Chicken Piccata with Lemon Sauce

A classic Italian dish, Chicken Piccata features tender, pan-fried chicken cutlets in a rich lemon-butter sauce with hints of garlic and white wine. The crispy Parmesan coating gives each bite a delightful crunch, perfectly balanced by the tangy and savory sauce.

This dish is perfect for a quick weeknight dinner or an elegant meal for guests. Serve it with pasta, rice, or a side of roasted vegetables.

Why You’ll Love This Recipe:

Bright & Flavorful: The lemon sauce enhances the crispy chicken.

Restaurant-Quality at Home: Simple ingredients create an elegant dish.

Quick & Easy: Ready in about 30 minutes.

Ingredients

For the Chicken:

• 8 boneless, skinless chicken breast halves (about 4 oz each)

• ½ cup egg substitute

• 2 tbsp dry white wine or chicken broth

• 2 tbsp lemon juice

• 3 cloves garlic, finely minced

• ⅛ tsp hot pepper sauce

• ½ cup all-purpose flour

• ½ cup Parmesan cheese, finely grated

• ¼ cup fresh parsley, minced

• ½ tsp salt

• 3 tsp olive oil, divided

For the Lemon Sauce:

• 2 tbsp unsalted butter

• ¼ cup dry white wine or chicken broth

• 3 tbsp lemon juice

Instructions

1. Prepare the Chicken

• Pound each chicken breast to an even ¼-inch thickness.

• In a shallow dish, whisk together the egg substitute, 2 tbsp wine, 2 tbsp lemon juice, minced garlic, and hot pepper sauce.

• In another dish, mix flour, Parmesan cheese, parsley, and salt.

2. Coat & Cook the Chicken

• Dredge each chicken piece in the flour mixture, then dip in the egg mixture, and coat again with flour.

• Heat 1½ tsp olive oil in a skillet over medium heat.
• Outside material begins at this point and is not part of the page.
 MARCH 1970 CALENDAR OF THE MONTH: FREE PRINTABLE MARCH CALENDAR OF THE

• Cook 4 pieces at a time for 3–5 minutes per side until golden brown and fully cooked. Transfer to a warm plate and cover.
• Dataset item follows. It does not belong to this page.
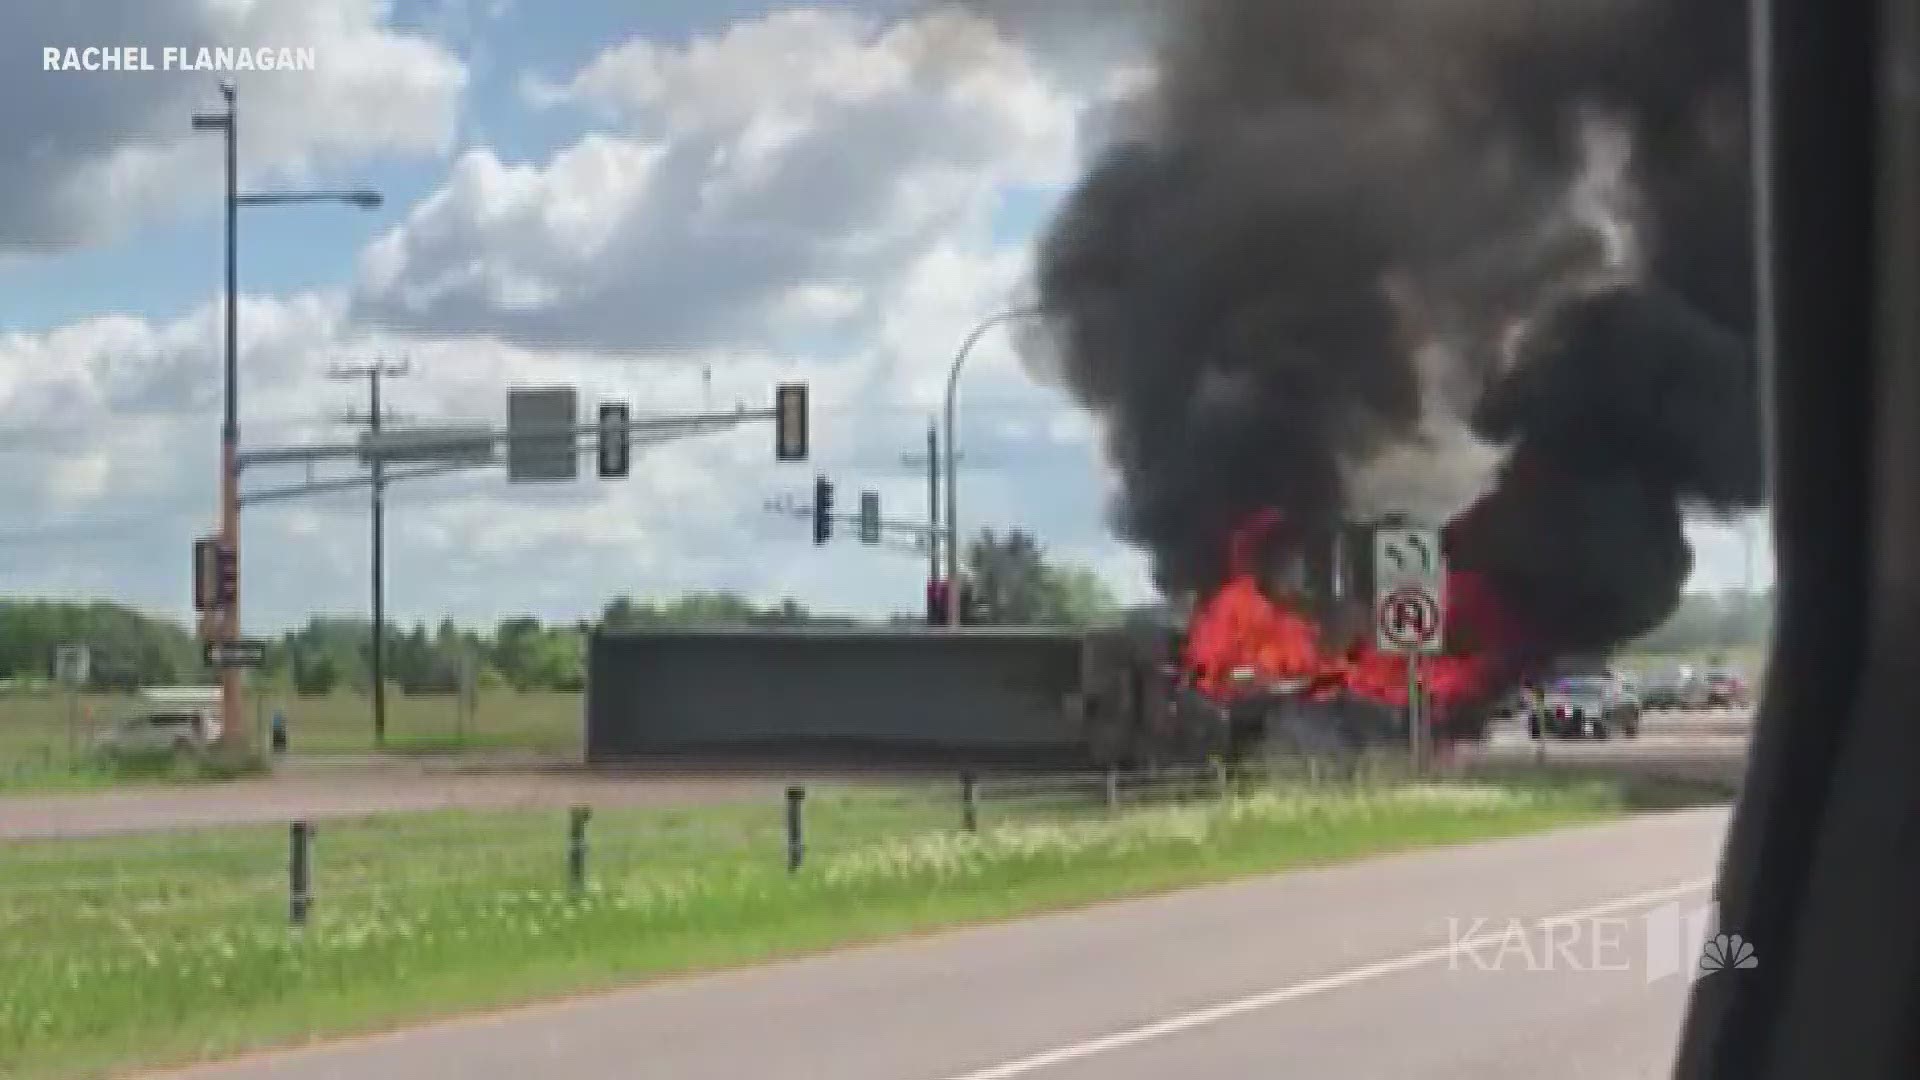 A crash involving a semi that started on fire shut down Highway 36 westbound on Tuesday.

• Wipe out the skillet, add the remaining oil, and repeat with the rest of the chicken.

3. Make the Lemon Sauce

• In the same skillet, melt butter over medium heat.
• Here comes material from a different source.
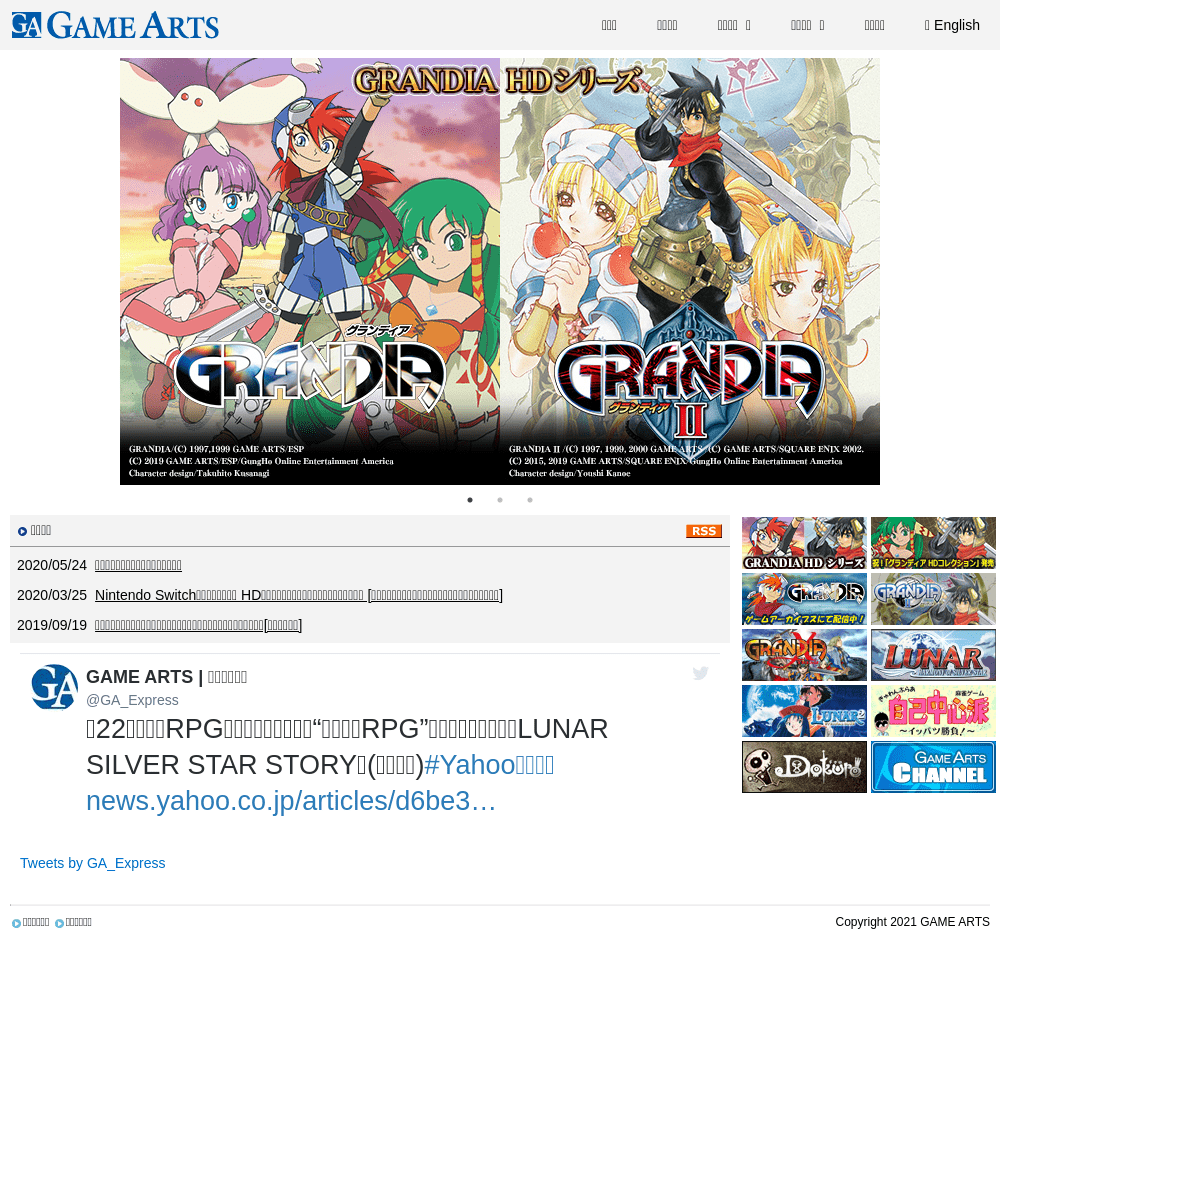 A complete backup of https://gamearts.co.jp

• Add the remaining ¼ cup wine and 3 tbsp lemon juice.

• Bring to a boil and reduce by ¼ to concentrate the flavors.

4. Assemble & Serve

• Drizzle the lemon sauce over the cooked chicken.

• Garnish with fresh parsley and serve immediately.

Tips:

Extra Crispy: Use a mix of panko and Parmesan in the coating.

Make It Creamy: Add a splash of heavy cream to the sauce for richness.

Pairing Suggestions: Serve with angel hair pasta, mashed potatoes, or sautéed greens.

Storage Options:

Refrigerator: Store leftovers in an airtight container for up to 3 days. Reheat in a skillet for the best texture.

Freezer: Freeze cooked chicken (without sauce) for up to 2 months. Thaw and reheat before adding fresh sauce.